Tesla (TSLA): Five weeks of weekly downtrend despite Friday’s bounce indicates the broader growth stock weakness isn’t just a temporary pullback. Until clear trend reversal signals emerge, avoid trying to catch this particular growth stock knife.

Risk Factors

  1. Extreme Volatility Persistence: The metals complex showing “historic” moves indicates we’re in a regime where traditional risk management approaches may be insufficient. Expect continued wild swings across asset classes.

  2. Liquidation Cascades: The massive SLV volumes creating extended-hours gaps and stop-running behaviors suggest automated selling could create additional volatility spikes. Stops are getting skipped in overnight trading.

  3. Sector Rotation Speed: The rapid shifts between growth, value, and commodities create whipsaw potential for broad market strategies. What works one day may fail the next as themes change quickly.

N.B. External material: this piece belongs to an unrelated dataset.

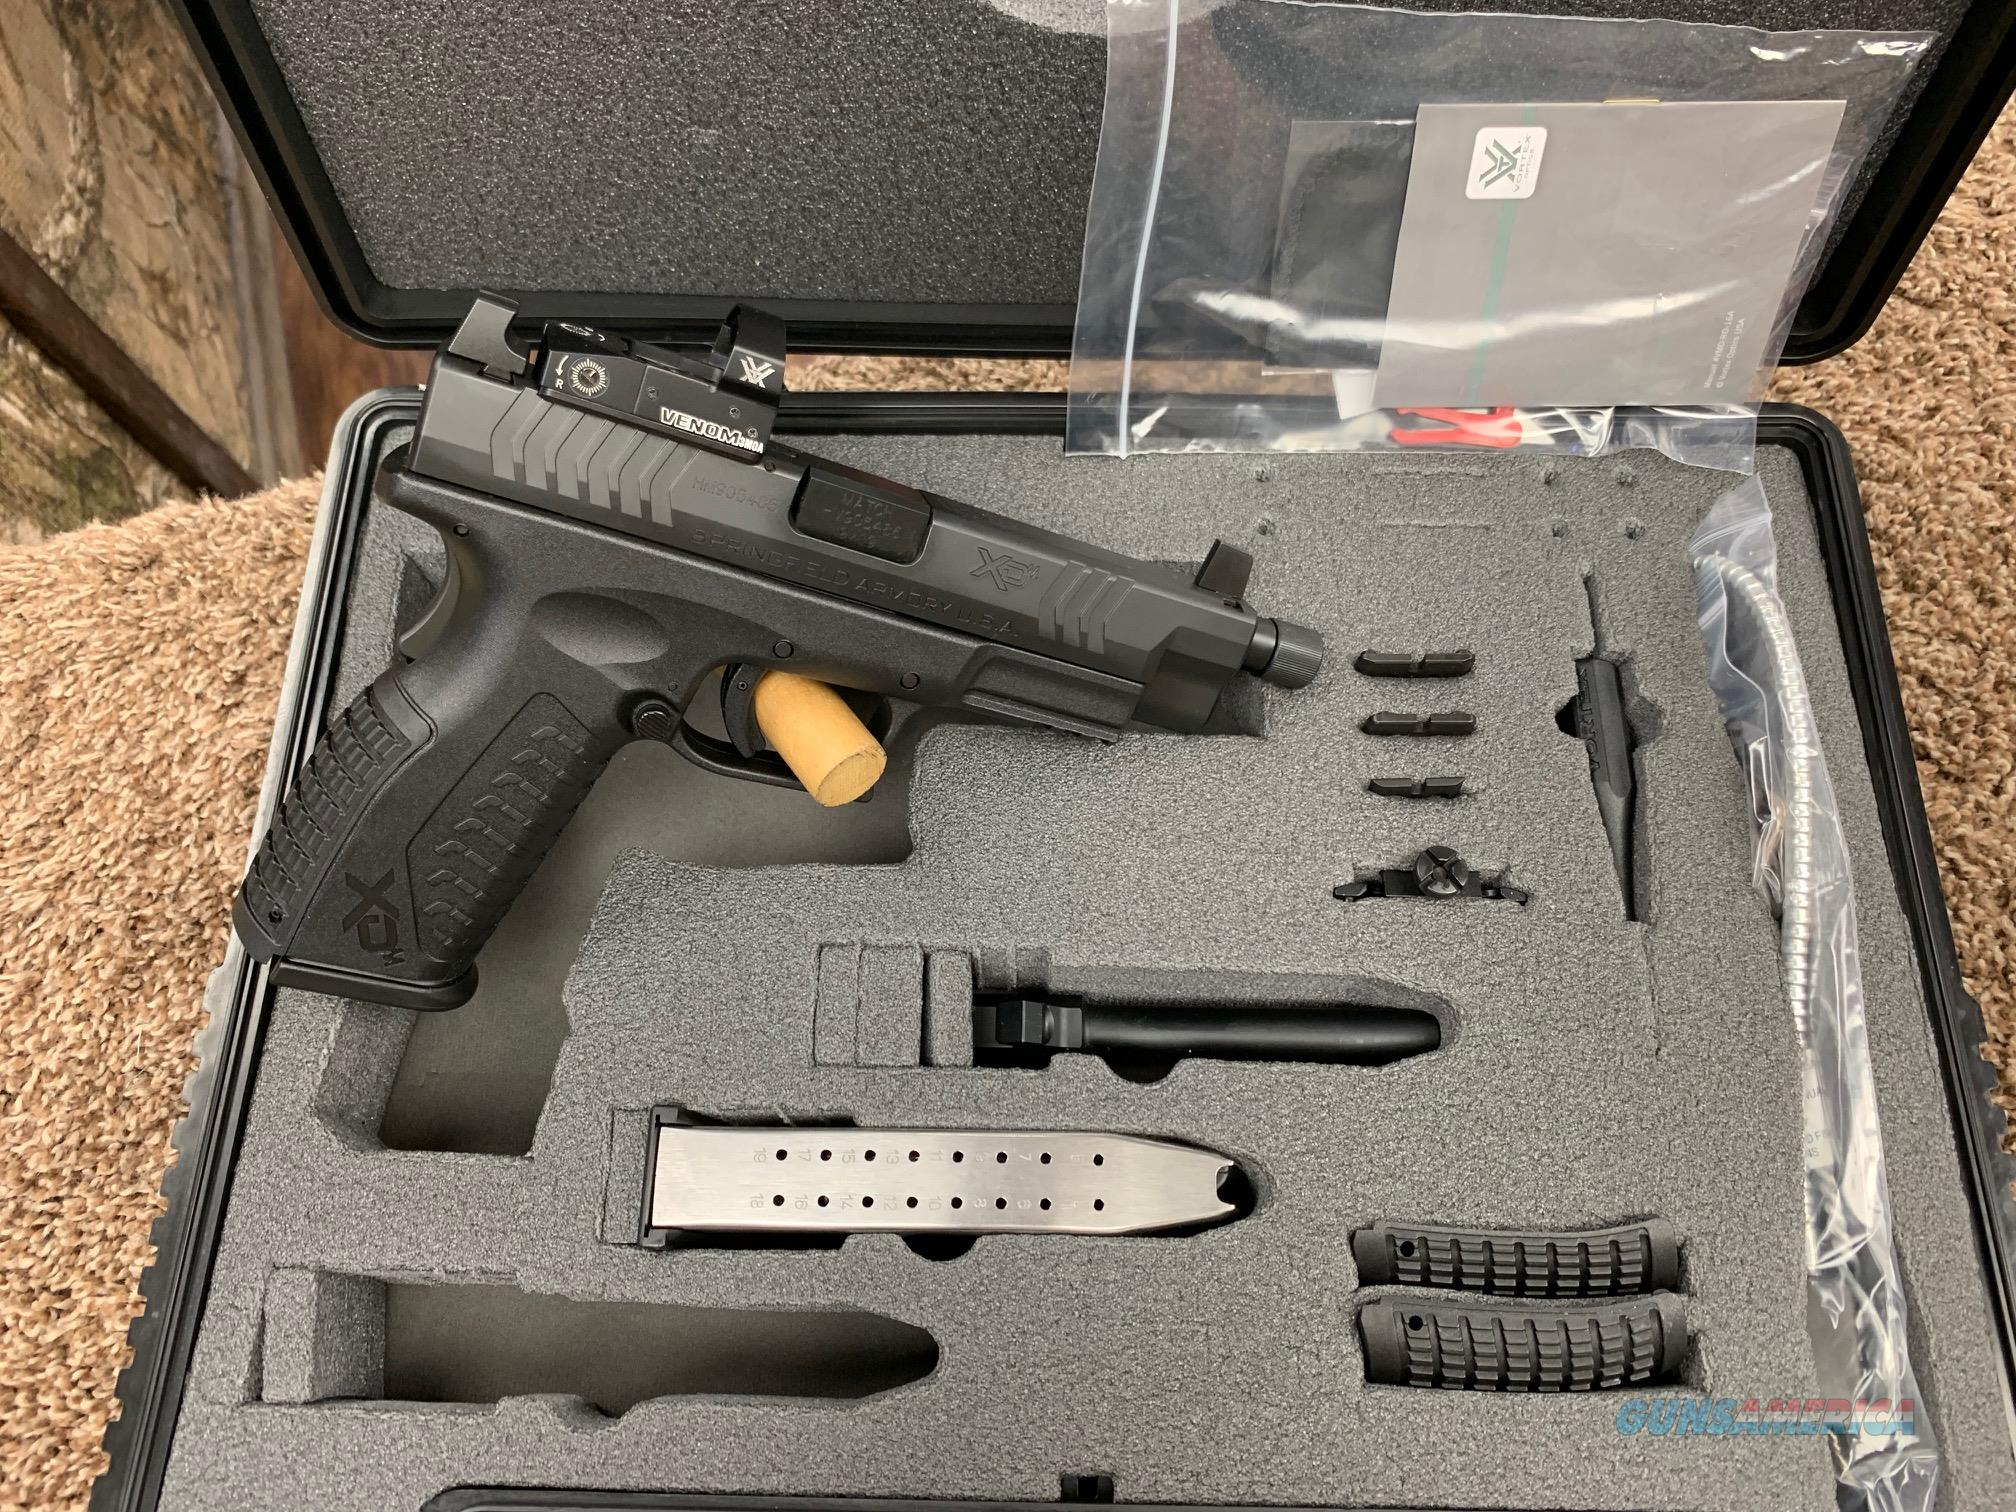 XDMT9459BHCOSPV Springfield XDM 2 barrel + Vortex optic combo 9mm  Guns > Pistols > Springfield Armory Pistols > XD-M
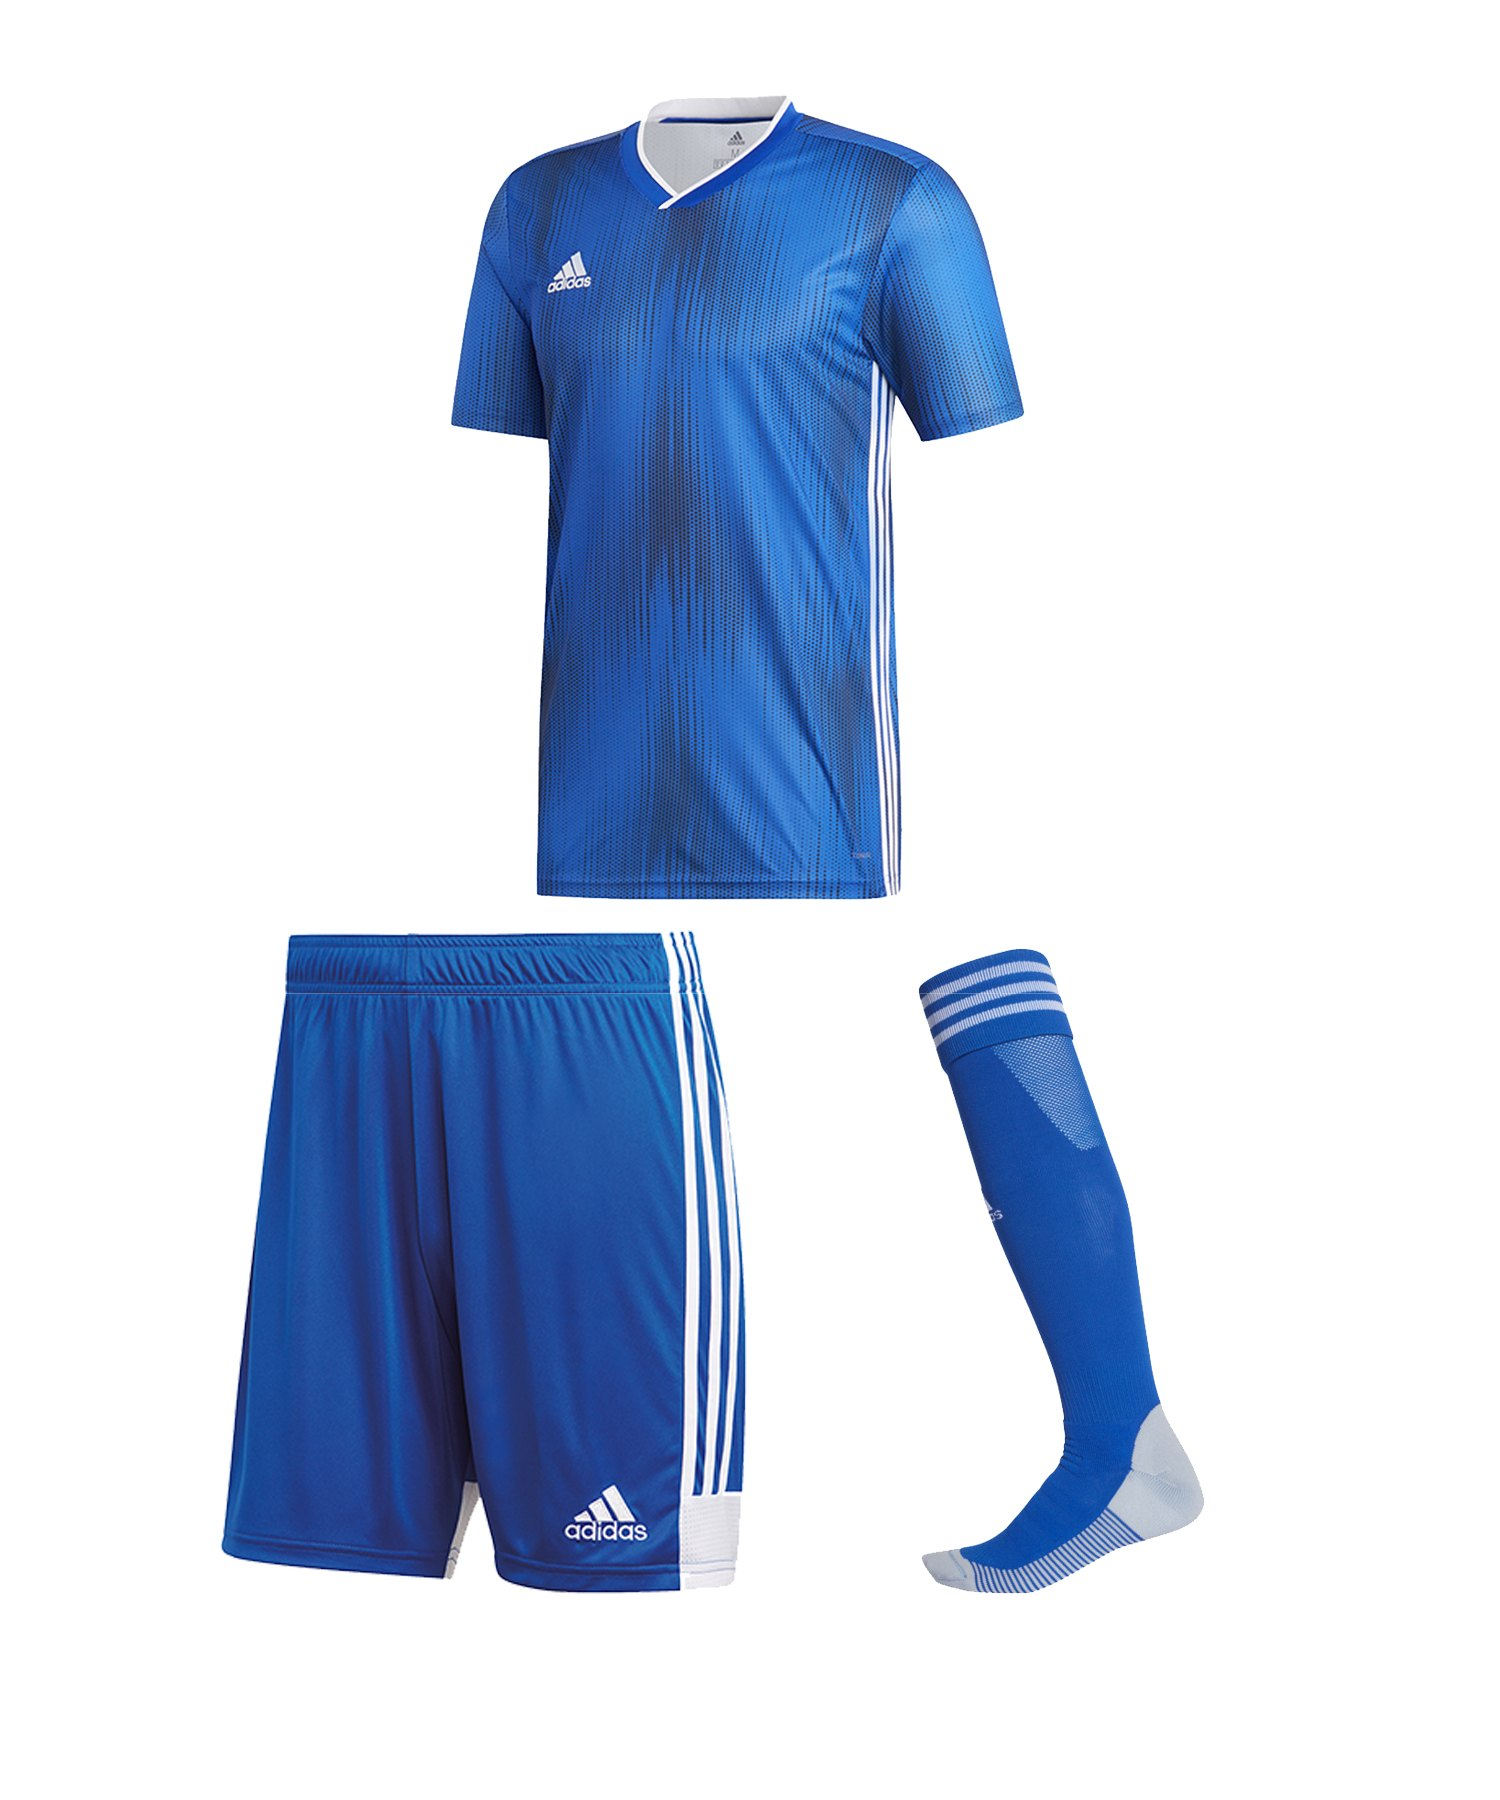 adidas Tiro 19 Trikotset kurzarm Blau Weiss - blau

  4. Correlation Breakdowns: Traditional asset relationships are failing during stress periods. Metals disconnecting from NASDAQ, energy decoupling from broader market moves—classic late-cycle behaviors.

  5. Position Sizing Risk: The unprecedented volatility ranges require smaller position sizes than normal risk management would suggest. What seems like reasonable risk can quickly become account-threatening.

  6. Weekend Bank Headline: The small bank failure could create Monday morning weakness in financial stocks despite minimal systemic impact. Markets often overreact to headline risk before settling.

Bottom Line

Metals mania ends: Historic blowoff top in precious metals signals multi-week consolidation period ahead as markets work through euphoric excess

Energy takes the baton: Natural gas squeeze and oil breakouts leading new sector rotation theme with both technical and fundamental support

Tech at crossroads: NASDAQ needs convincing all-time high break or risks deeper consolidation as growth momentum shows first cracks

Range-bound markets: Expect higher volatility and two-way trading as euphoric trends mature into more balanced price discovery

Size down positions: Historic volatility requires defensive position management—smaller sizes, tighter stops, more tactical approach

Week Ahead Focus: Monitor metals for range establishment signals, energy sector for follow-through confirmation, and tech for decisive directional break from all-time high resistance. The transition from euphoria to reality is never smooth, but it creates opportunities for those willing to adapt their approach to the new regime.

Success in this environment requires abandoning the momentum-chasing strategies that worked during the euphoric phase and embracing the range-trading, sector-rotation tactics that thrive during consolidation periods. The markets are teaching us a valuable lesson about the cyclical nature of trends—those who learn it will be positioned for the next opportunity.